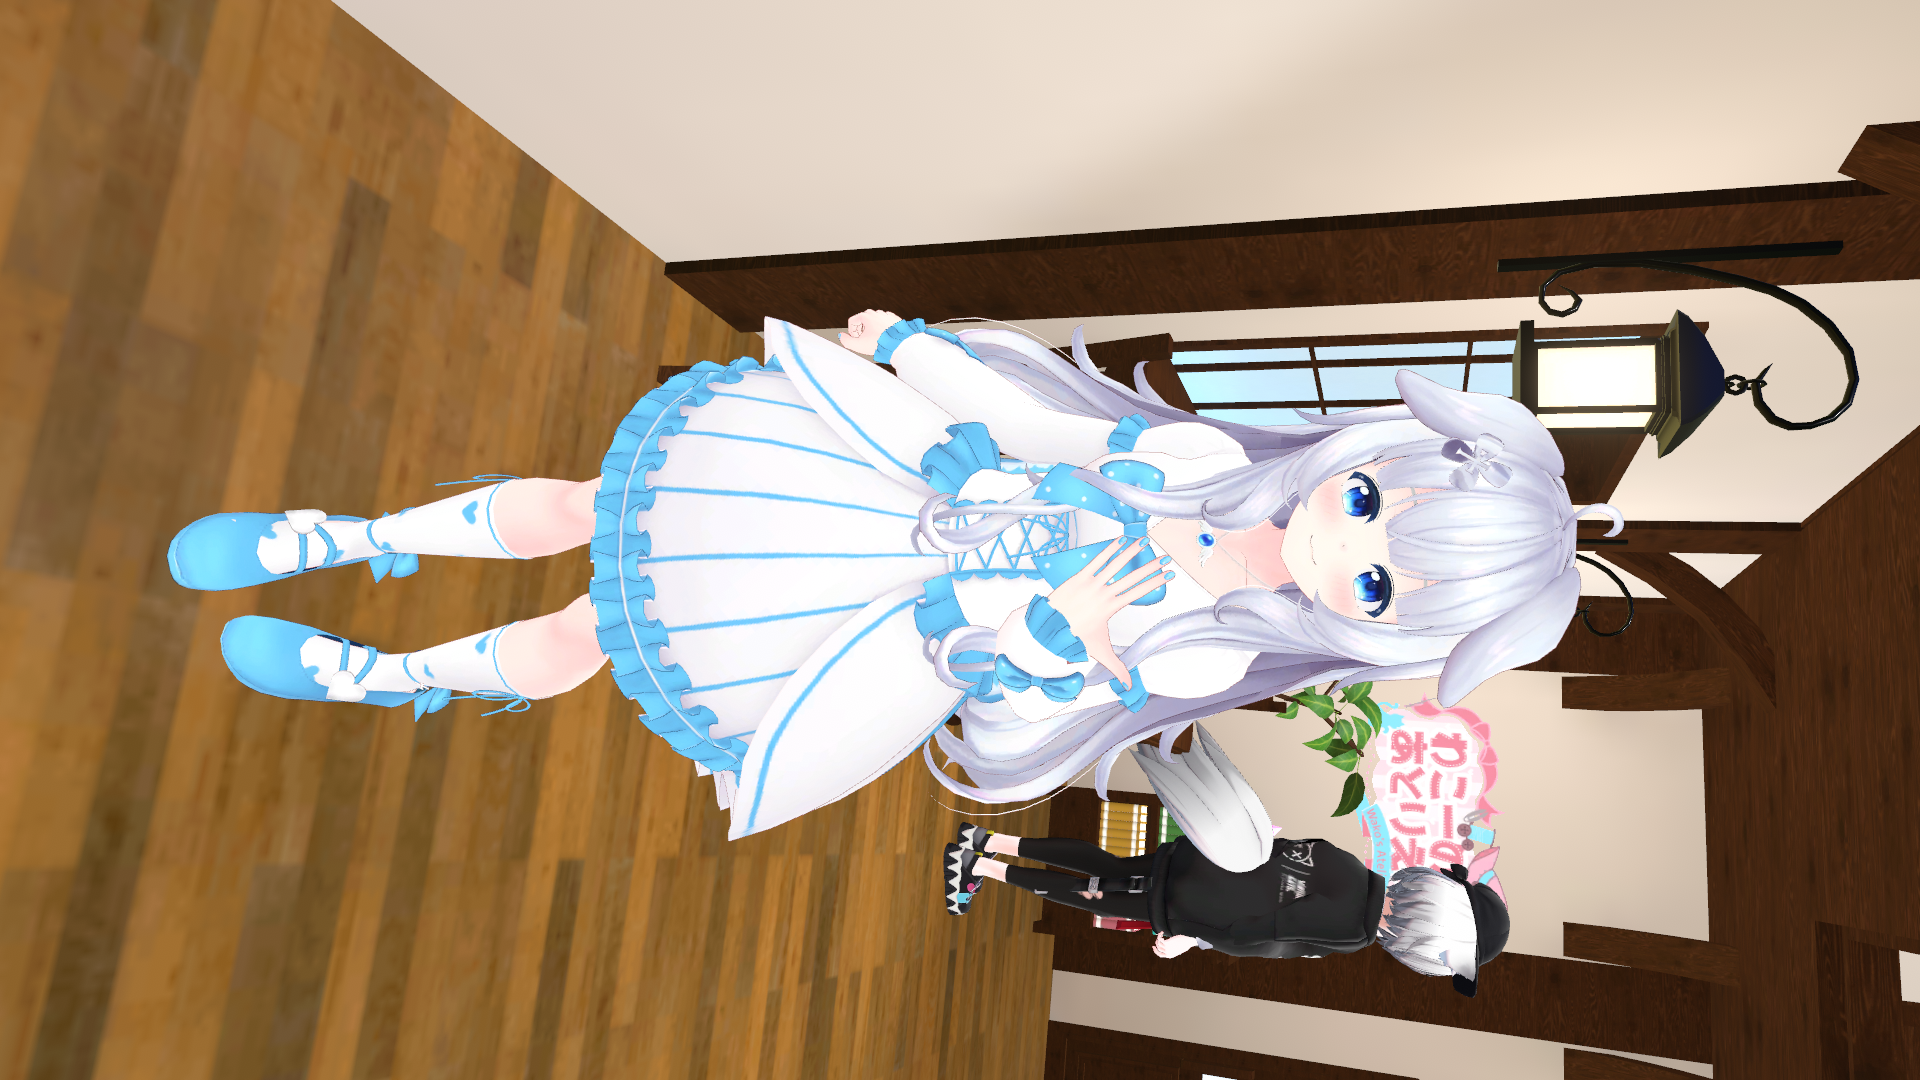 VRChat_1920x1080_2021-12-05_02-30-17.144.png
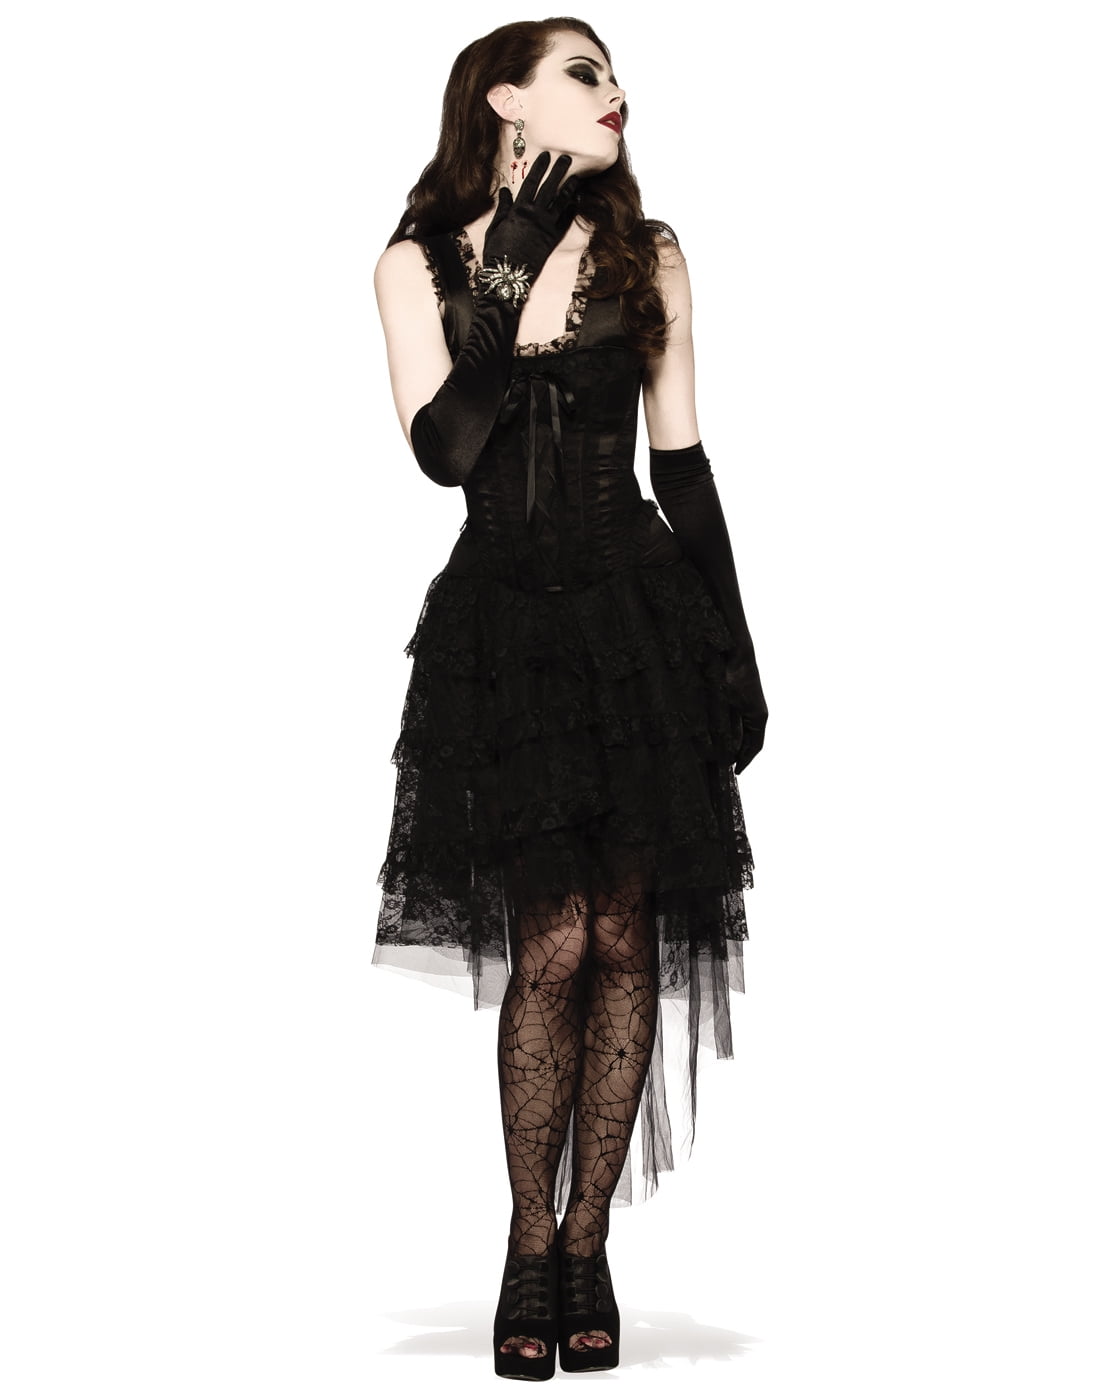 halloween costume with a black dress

* * * * * * *

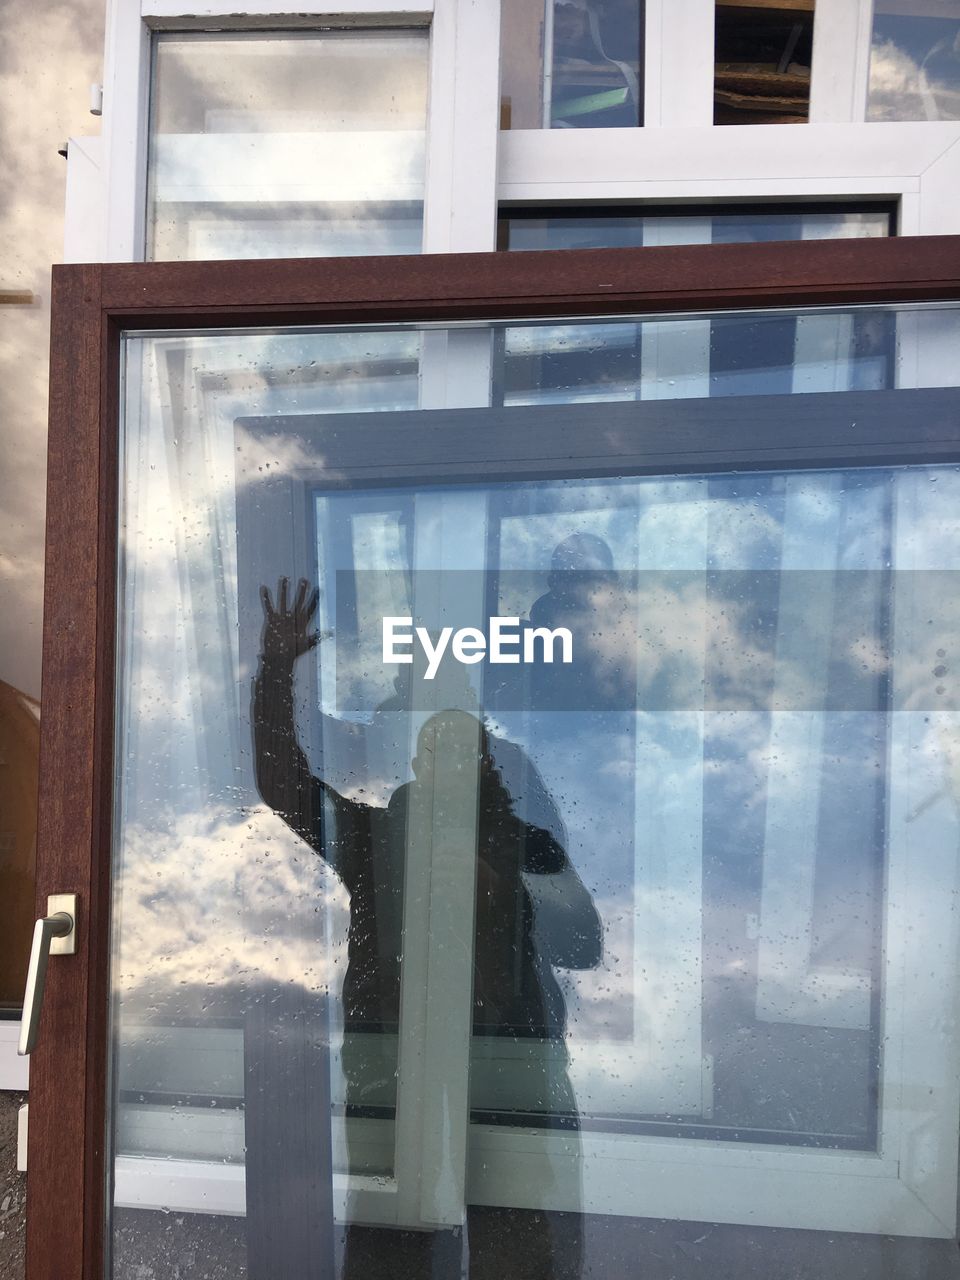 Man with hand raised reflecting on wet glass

* * * * * * *

### The problem
Starting with the line that has "VRChat_1920x1080_2021-12-05_02-30-17.144.png" and ending with the line that has "halloween costume with a black dress", repeat the lines above exactly, omitting every picture.

### Response to the task
 VRChat_1920x1080_2021-12-05_02-30-17.144.png
 halloween costume with a black dress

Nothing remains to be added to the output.